The blood in Irish veins is Celtic, right? Well, not exactly. Although the history many Irish people were taught at school is the history of the Irish as a Celtic race, the truth is much more complicated, and much more interesting than that ... 

Research done into the DNA of Irish males has shown that the old Anthropological attempts to define 'Irish' have been misguided. As late as the 1950s researchers were busy collecting data among Irish people such as hair colour and height, in order to categorise them as a 'race' and define them as different to the British. In fact British and Irish people are closely related in their ancestry. 

Research into Irish DNA and ancestry has revealed close links with Scotland stretching back to before the Ulster Planation of the early 1600s. But the closest relatives to the Irish in DNA terms are actually from somewhere else entirely! 


Medieval map of Ireland, showing Irish tribes. Irish origin myths confirmed by modern scientific evidence Irish Blood: origins of DNA 

The earliest settlers came to Ireland around 10,000 years ago, in Stone Age times. There are still remnants of their presence scatter across the island. Mountsandel in Coleraine in the North of Ireland is the oldest known site of settlement in Ireland - remains of woven huts, stone tools and food such as berries and hazelnuts were discovered at the site in 1972.

But where did the early Irish come from? For a long time the myth of Irish history has been that the Irish are Celts. Many people still refer to Irish, Scottish and Welsh as Celtic culture - and the assumtion has been that they were Celts who migrated from central Europe around 500BCE. Keltoi was the name given by the Ancient Greeks to a 'barbaric' (in their eyes) people who lived to the north of them in central Europe. While early Irish art shows some similarities of style to central European art of the Keltoi, historians have also recognised many significant differences between the two cultures. 
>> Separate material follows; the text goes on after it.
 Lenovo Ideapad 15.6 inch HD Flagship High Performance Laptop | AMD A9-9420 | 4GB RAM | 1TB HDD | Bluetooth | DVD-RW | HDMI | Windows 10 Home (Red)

The latest research into Irish DNA has confirmed that the early inhabitants of Ireland were not directly descended from the Keltoi of central Europe. In fact the closest genetic relatives of the Irish in Europe are to be found in the north of Spain in the region known as the Basque Country. These same ancestors are shared to an extent with the people of Britain - especially the Scottish. 

DNA testing through the male Y chromosome has shown that Irish males have the highest incidence of the haplogroup 1 gene in Europe. While other parts of Europe have integrated contiuous waves of new settlers from Asia, Ireland's remote geographical position has meant that the Irish gene-pool has been less susceptible to change. The same genes have been passed down from parents to children for thousands of years. 
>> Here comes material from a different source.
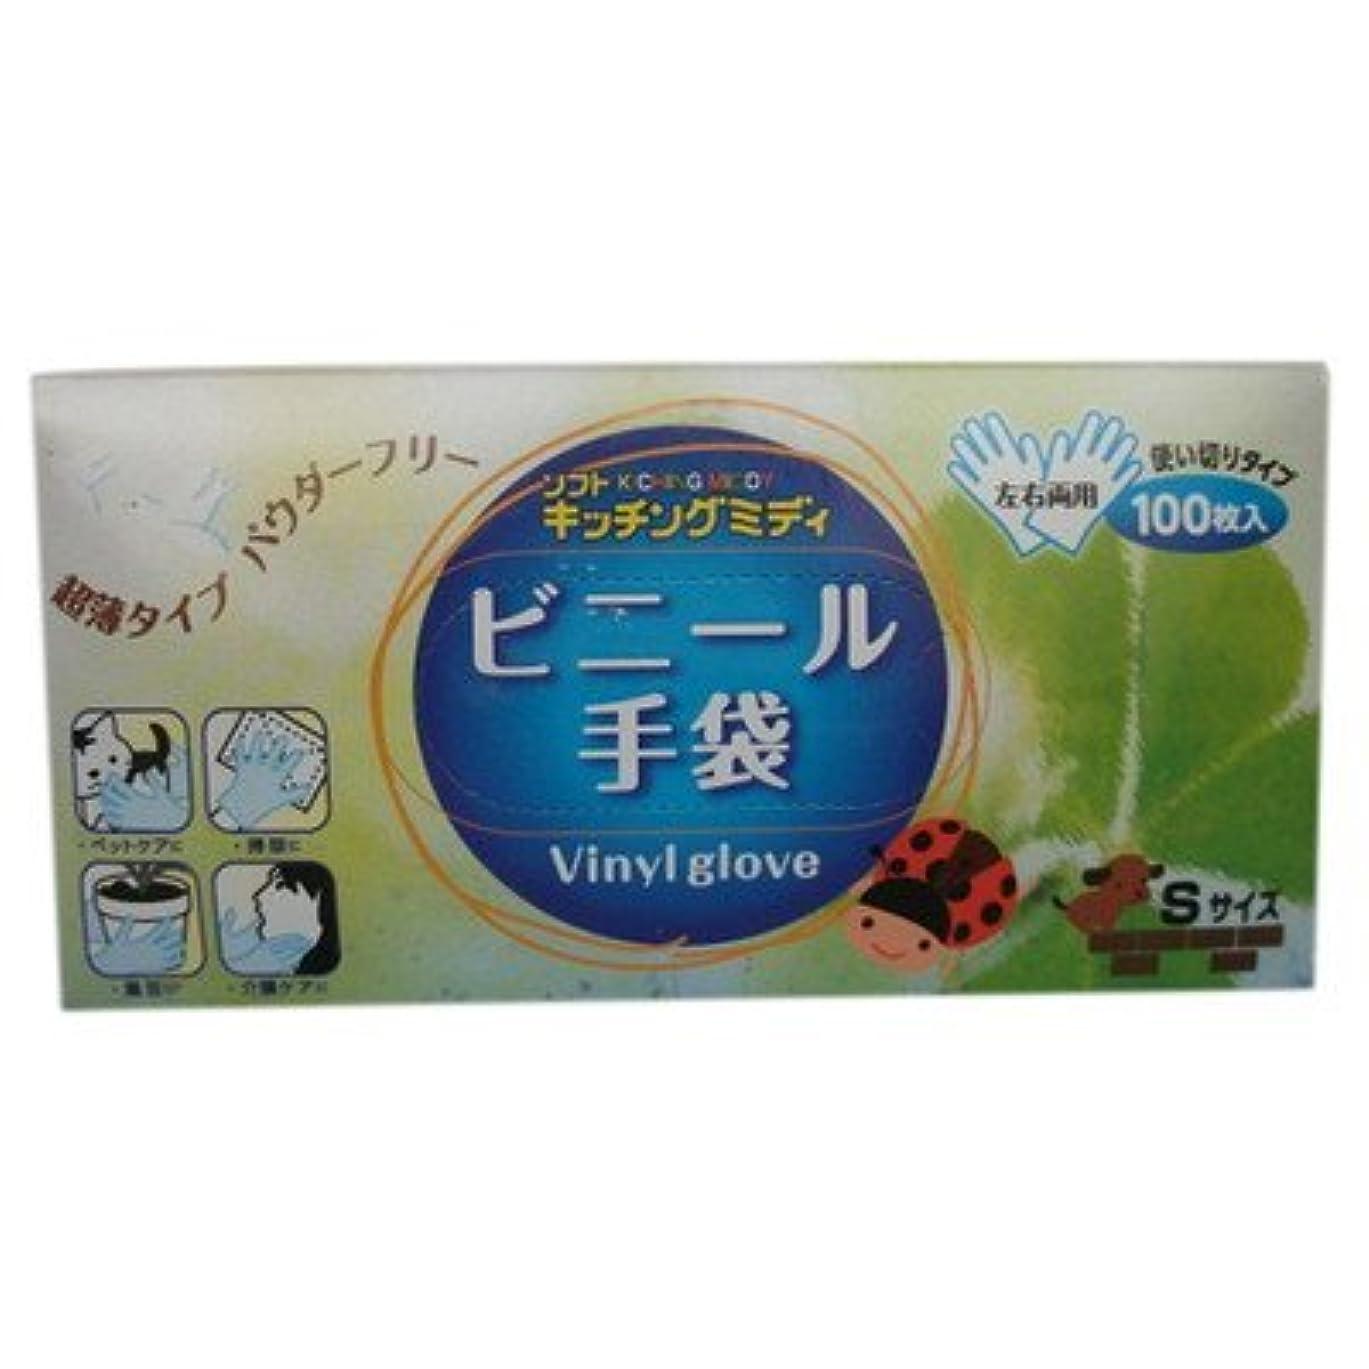 奥田薬品 ソフトキッチングミディ ビニール手袋 S 100枚入

This is mirrored in genetic studies which have compared DNA analysis with Irish surnames. Many surnames in Irish are Gaelic surnames, suggesting that the holder of the surname is a descendant of people who lived in Ireland long before the English conquests of the Middle Ages. Men with Gaelic surnames, showed the highest incidences of Haplogroup 1 (or Rb1) gene. This means that those Irish whose ancestors pre-date English conquest of the island are direct descendants of early stone age settlers who migrated from Spain.